Things to do in your first week as an overseas student in the UK

Your adventure to the UK is about to begin! The first week in the UK can be hectic and no amount of reading, thinking or talking through plans with friends and family can truly prepare you for what it feels like to move to a new country.

Studying abroad can be an exciting and enriching experience. Embarking on a new journey, moving to a new place and taking a step of advancement towards your career aspirations will no doubt be something you’ve been preparing for a while.  With this may also come some anxiousness. You will be moving out of your comfort zone, from what is familiar to a home that is a host of the unknown. Having to settle into a new environment, adapting to a change in climate, culture, language and all the practicality of moving to a new country can be daunting.  To feel like this is completely normal and we can assure you that this feeling is only temporary.

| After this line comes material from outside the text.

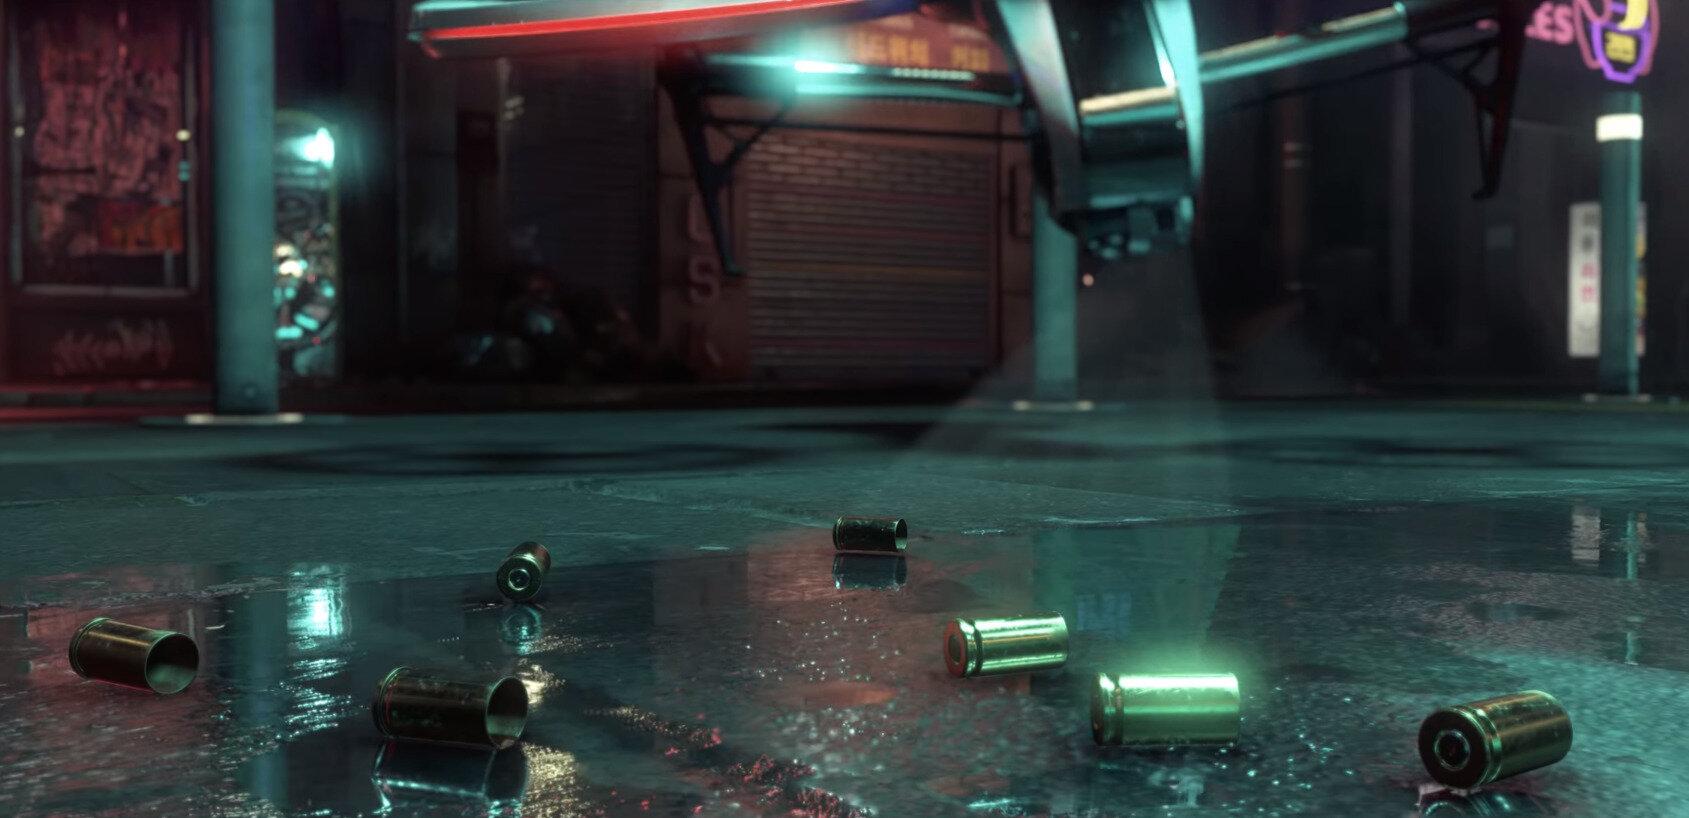 Neon Noir : Crytek publie un benchmark pour sa solution de ray tracing universelle

University is a great place to make new friends and meet people with the same interest. With everybody being in the same boat, you will make new friends in no time.

We are here to help with a few tips for surviving your first week of study abroad. Here are six things that you need to do to set yourself up for a smoother journey ahead.

Biometric Residence Permit Card (BRP)

You must collect your Biometric Residence Permit if you are on a Tier 4 student Visa.  The BRP card is your proof of your immigration permission to be in the UK as a tier 4 student. You MUST collect your BRP within 10 days of your arrival in the UK.  Check your decision letter as this will tell you where to collect it from.

When collecting your BRP will need to take with you:

  • Passport/travel document
  • Your vignette sticker

Register at University

The registration is a two-part process:

* To register online

You will receive this information from the institute where you will be studying once you have met the conditions and formally accepted the offer.

*To register in person

To be fully registered you will need to register in person at the campus for an identity check. You can also collect your student ID card at the same time.

Register with the police

You must register with the police if your BRP or decision letter states that you need to. You must do this within 7 days.

Open a bank account

Many students decide to open a bank account because it is a secure and easy way to access your money. If you withdraw money from an overseas account, you may be charged money.  We would advise you not to bring a large sum of money with you as it can be stolen or lost.  However, we do advice you to bring enough money to keep you going as it can take a few days to set up an account.  To open a bank account you first will need to attend registration at the university.  You can then book an appointment with the bank and present the following documents when you attend:

  • Proof of ID (passport)
  • Visa/ BRP card
  • Bank letter from the university
  • Proof of student status
  • Proof of address
  • Some banks may require a minimum deposit to set up the account so you may need to take some money with you.

Stay connected to home

If you’re keeping a phone you already have, you’ll need to unlock this first before you can start using your new SIM card. Never use your current sim card to make calls. You’ll pay extremely high charges for calling back home as well as local numbers.

 If you already have a mobile phone then you will need a new SIM card. With a Pay As 

 You Go (PAYG) SIM you’ll need to top up your phone with credit, which is a good way of keeping track of your spending but can be a hassle if your credit runs out at an awkward time.

Monthly contracts are usually better value for money, as you’ll likely get unlimited (or close to) minutes and texts, but you will have to pay out every month and this comes with added responsibility.

There are many mobile phone network service providers and calling plans to choose from in the UK. You should read contracts closely and take the time to investigate your options.

Attend Welcome Week and Fresher’s Week.

There are lots of events and support during the Welcome Week available to students from outside the UK.  You can sign up for talks and tours around the campus.  The Fresher’s week is a great opportunity to join clubs and societies. You may be able to join a society for your home country and connect with people from the same background as yourself.  Universities have a club or society for practically everything, from culture, sports, faith to dance, political campaigns to welfare.  You are bound the find a range that you are interested in. Furthermore, it’s a fantastic opportunity to meet new people and make new friends.

While studying abroad can be daunting, exciting and liberating all at the same time, it is important that you enjoy each moment.  Try venturing out to find out about the area where you are living; where the local amenities and places of interest are. Slowly but surely you will begin to feel at home. Not only will you be making unforgettable memories but also lifelong friends.